Water absorption behavior of the woven bamboo fabric polypropylene-based composites and their hybrids with glass

The high prone behavior towards water absorption is considered as a major weakness of natural based-fiber composites or bio-composites. These composites can be susceptible to considerable water absorbed due to hydrophilic nature of bamboo fiber, which may affect to degradation of their strength and stiffness performances. The effect of the hybridization is investigated with the study of water immersion at 23 °C and 60 °C, for a period of 70 days. It was shown that the composite’s absorption behavior demonstrated the kinetics behavior and classification proposed by Fick’s theory. There was a 142 % increase in the diffusion coefficients of samples immersed at 60 °C compared to those at 23 °C for BPP composites.

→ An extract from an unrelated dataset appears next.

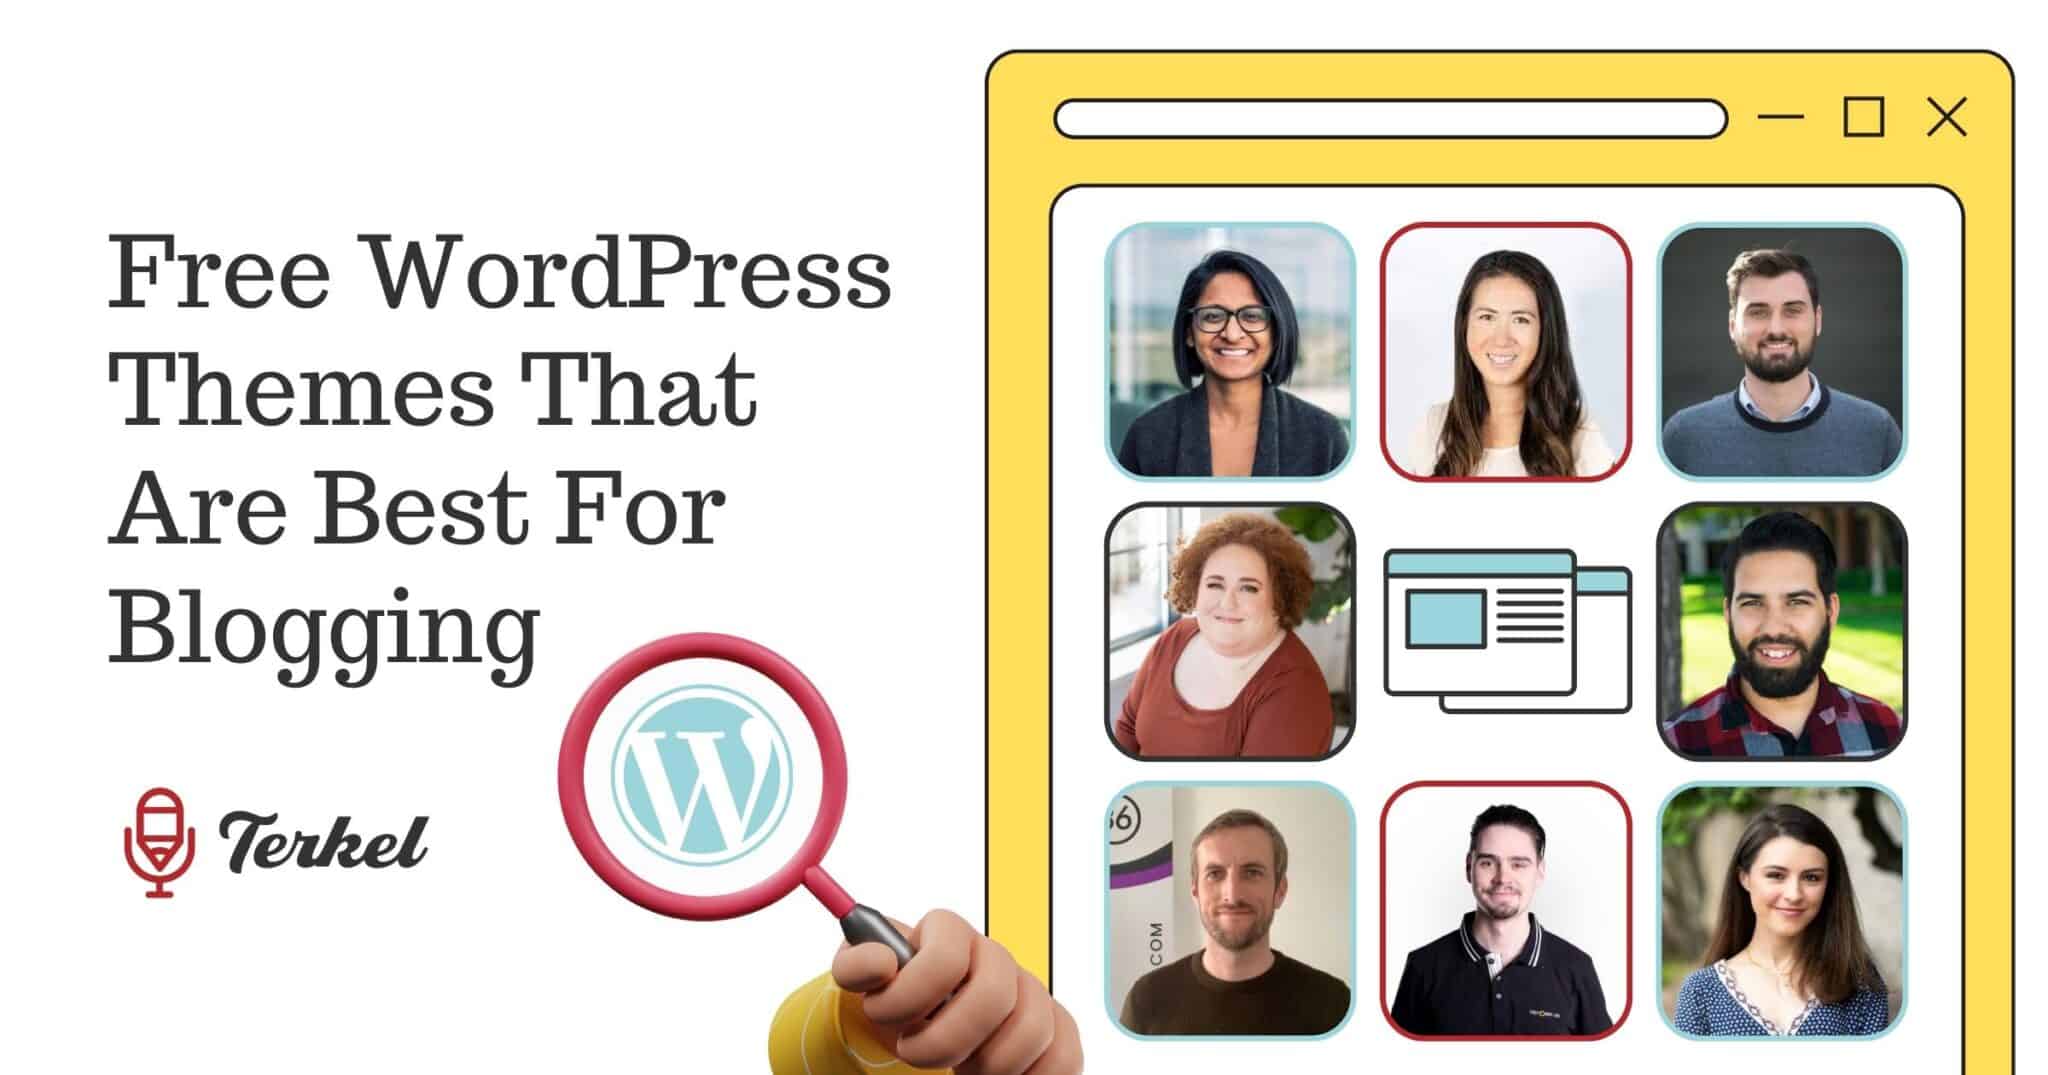 Free WordPress Themes That Are Best For Blogging
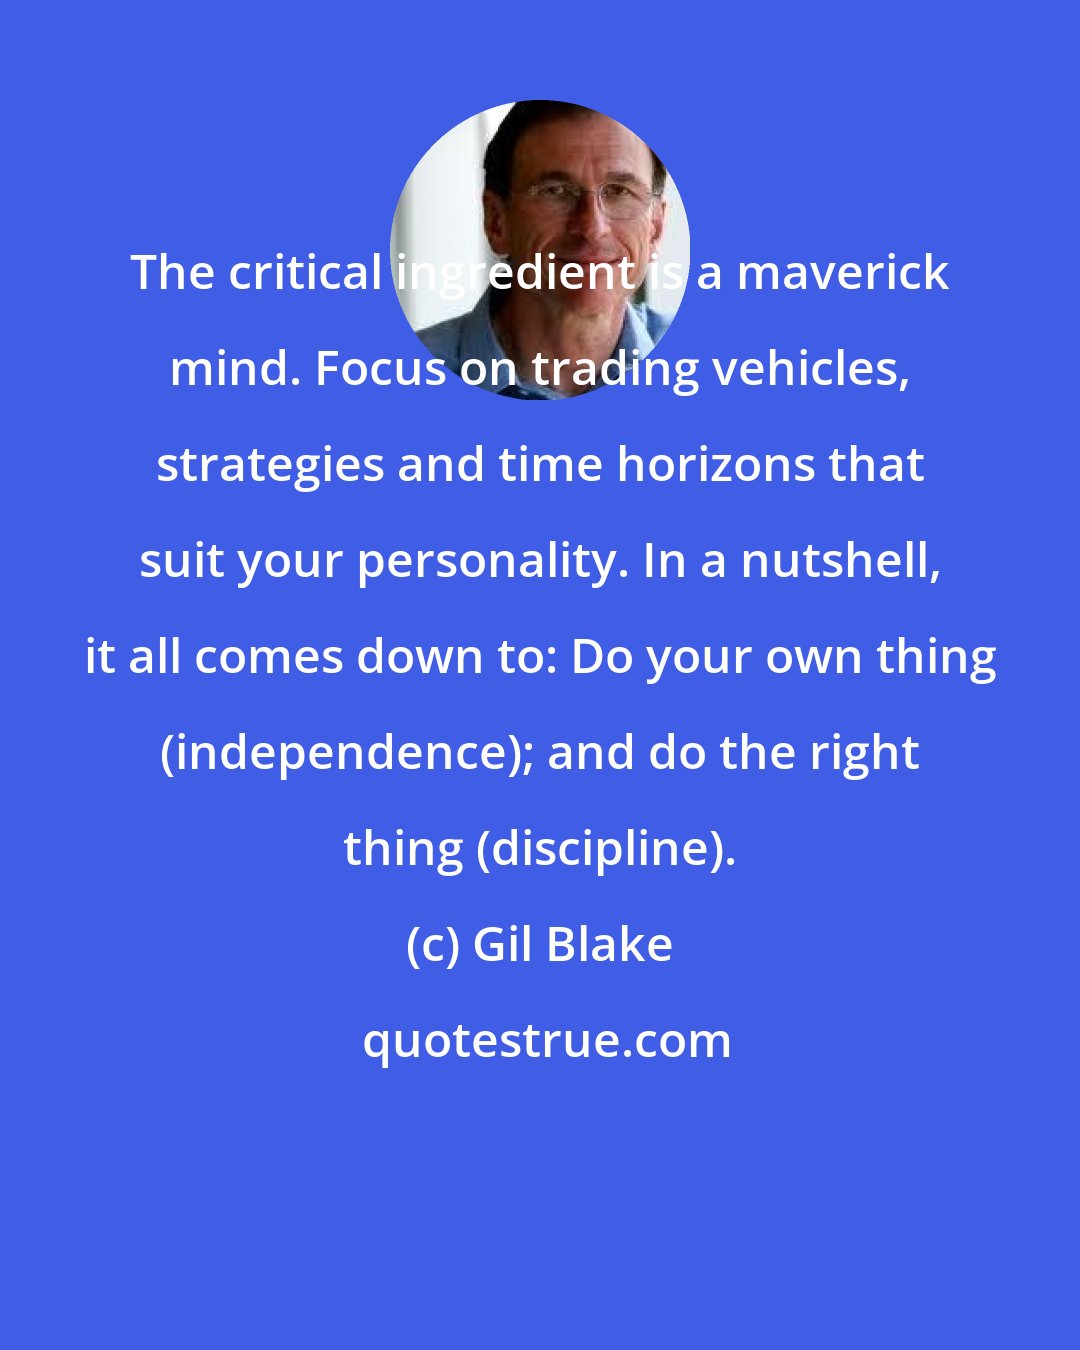 Gil Blake: The critical ingredient is a maverick mind. Focus on trading vehicles, strategies and time horizons that suit your personality. In a nutshell, it all comes down to: Do your own thing (independence); and do the right thing (discipline).

The water absorption of BPP composites at 23 °C after 1680 h was approximate of 14.6 %, with the absorption was quite rapid initially, reaching almost 13.01 % after about 720 h. For the hybrid composites of 30B:20G, 20B:35G and 10B:45G for water absorption at 23 °C was reaching almost 10.56 %, 7.30 %, and 2.81 % respectively after 720 h. Furthermore, the composites approached equilibrium faster at 60 °C than at 23 °C. The absorption rate was significantly higher at 60 °C, with 80 % of the total absorption in the first 14 days, while the BPP composites at the immersion of 23 °C, reached equilibrium in the first 30 days. Similar behavior was also observed for the hybrid composites, reached almost 80 % of the total absorption in the first 7 days, when compared with 20 days for the hybrid composites. The presence of external plies of glass effectively decelerates water diffusion into the bamboo polypropylene (BPP) composites. The findings denote a significant observation in which, by substituting few layers of glass with woven-based bamboo in glass-polypropylene composites, offering to a hybrid concept to be possible for developing an alternative, excellent and better performance of light-weight composite.